(The data Opens)

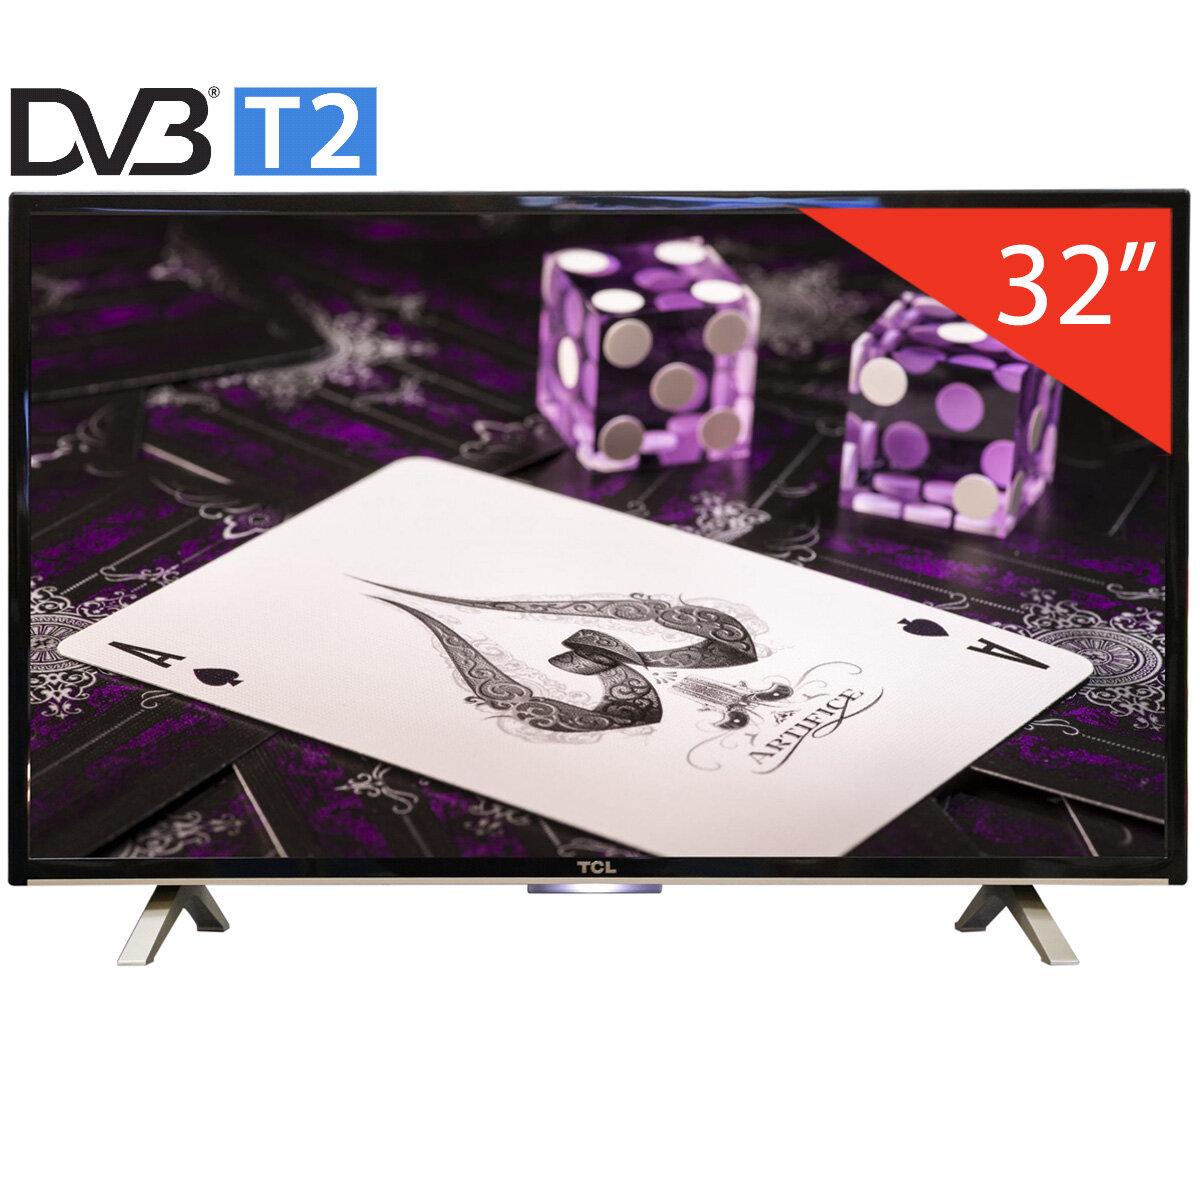 Smart Tivi LED TCL L32D2790 - 32 inch, HD (1366x768)
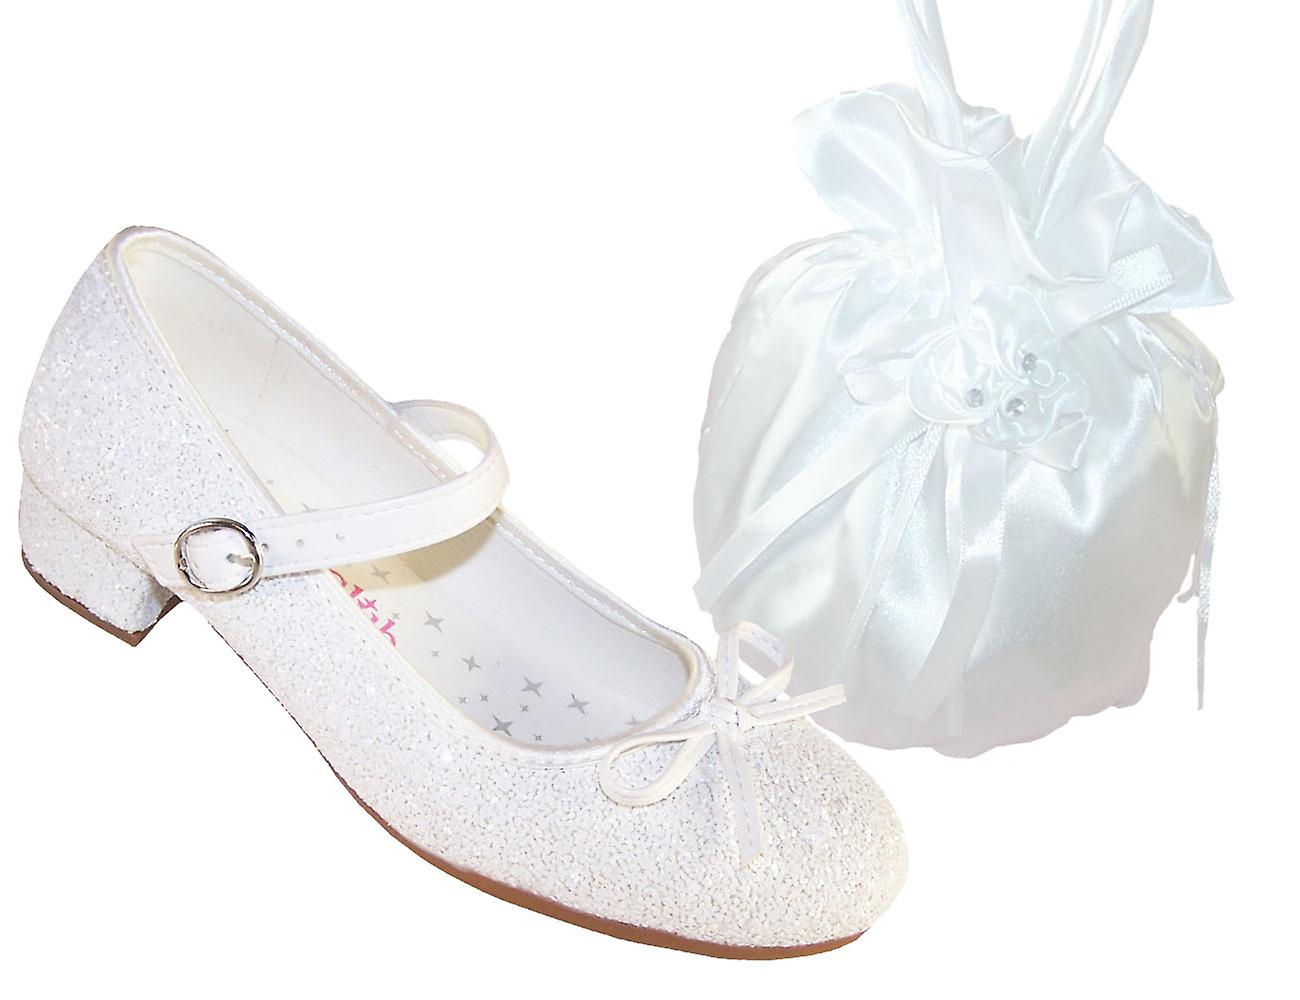 Girls bianca sparkly special occasion heeled scarpe and satin bag | Portare-resistendo  | Scolaro/Signora Scarpa
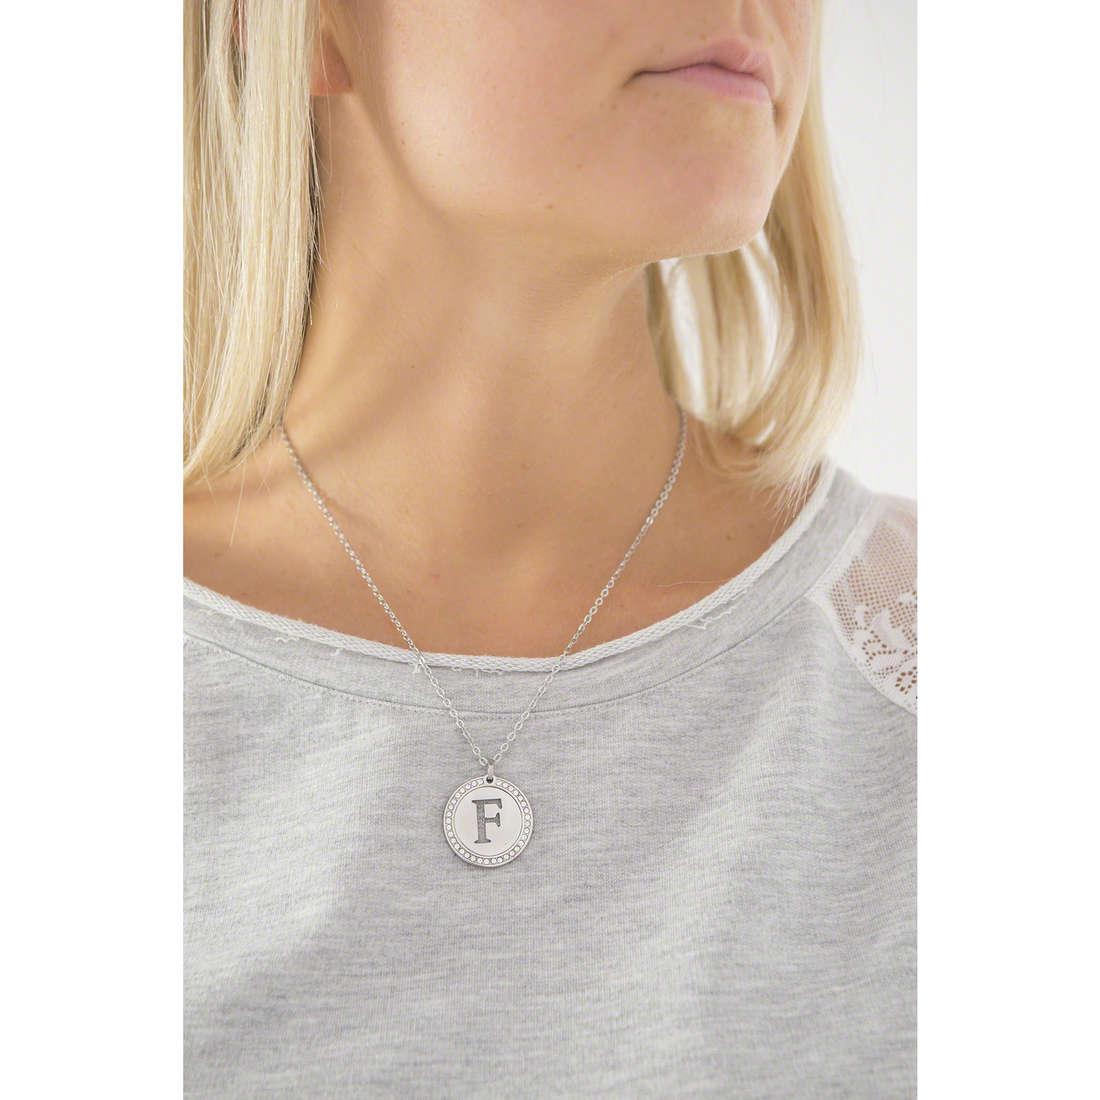 Sagapò necklaces LetteRing woman SLR06 indosso
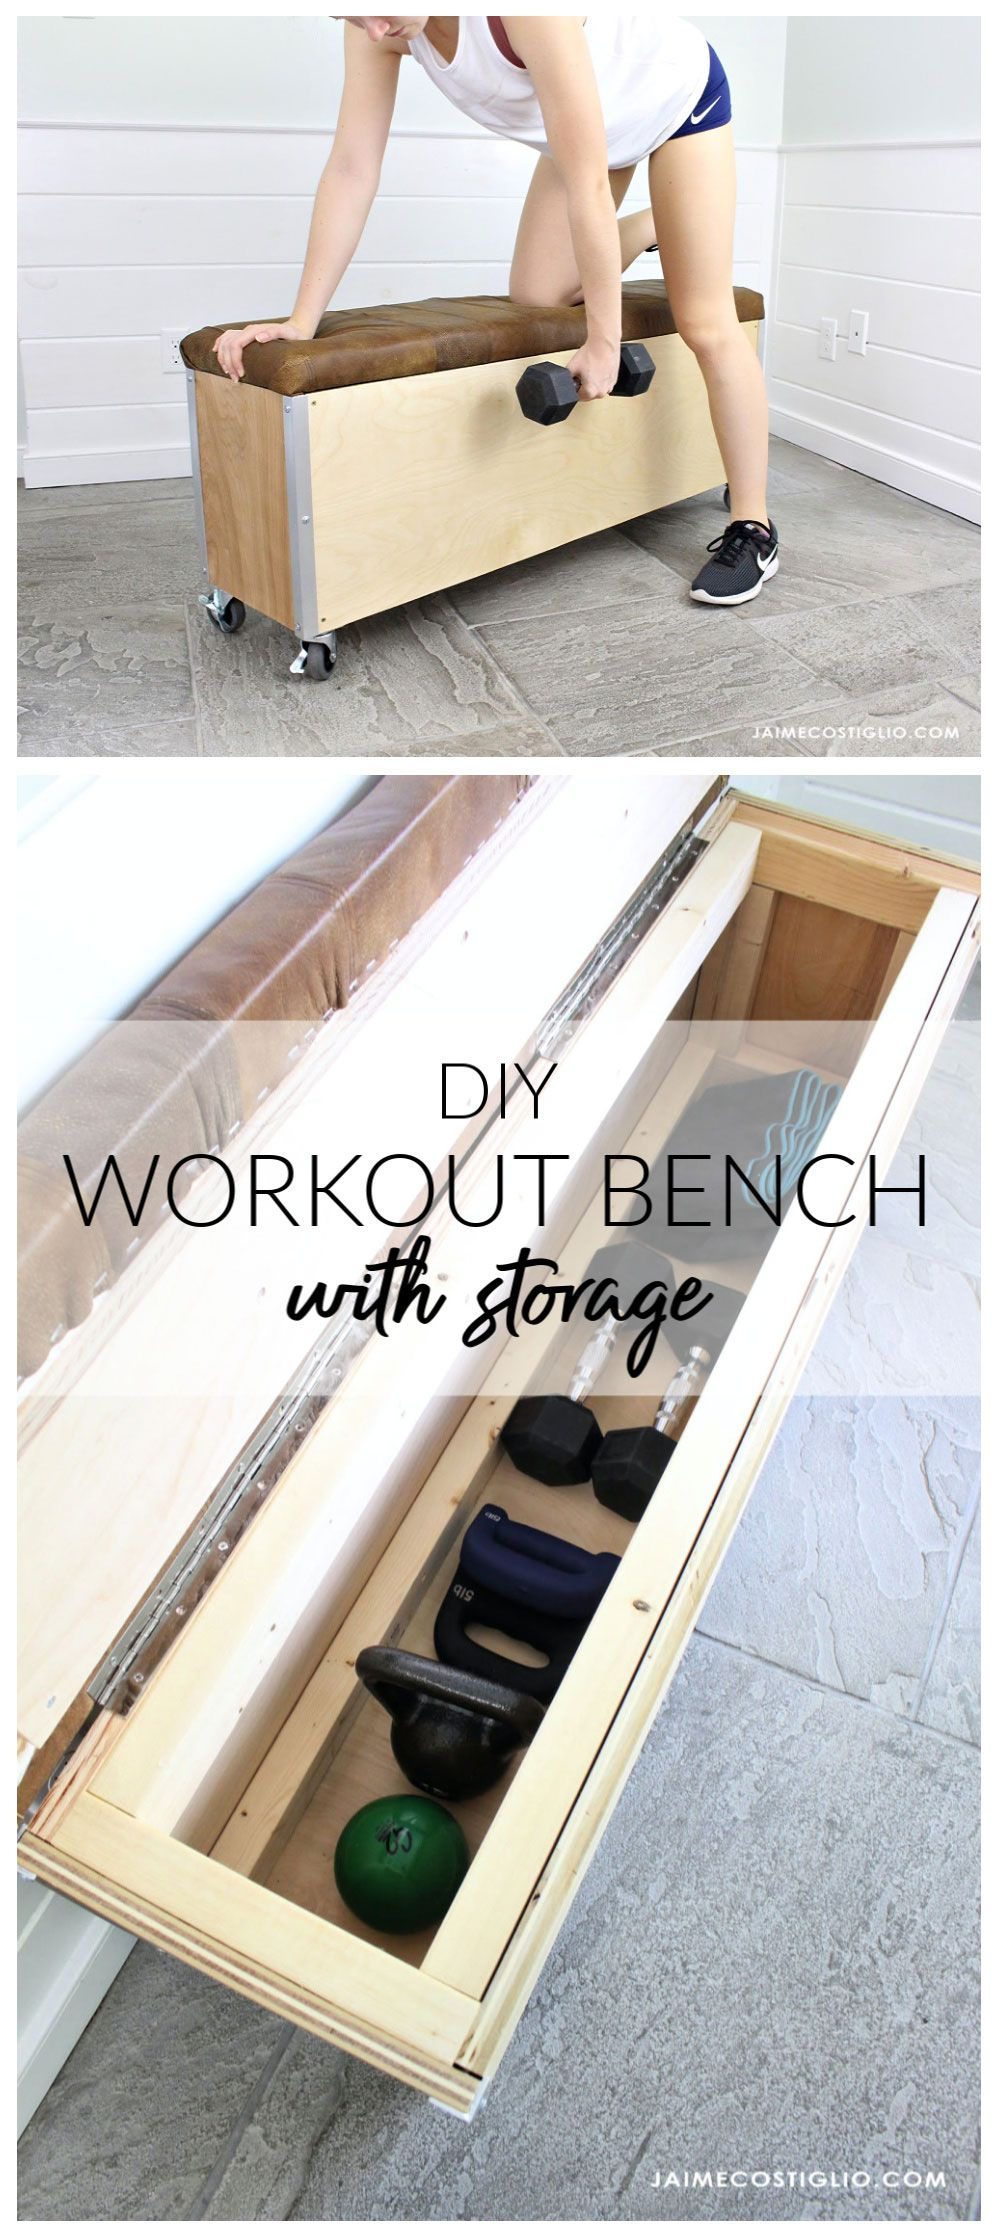 Photo of DIY Workout Bench with Storage – Jaime Costiglio

(The data Closes)

• Work task: Every line above has to be output exactly; the pictures must be dropped.

• Exercise response:
 Smart Tivi LED TCL L32D2790 - 32 inch, HD (1366x768)
 Girls bianca sparkly special occasion heeled scarpe and satin bag | Portare-resistendo  | Scolaro/Signora Scarpa
 Sagapò necklaces LetteRing woman SLR06 indosso
 Photo of DIY Workout Bench with Storage – Jaime Costiglio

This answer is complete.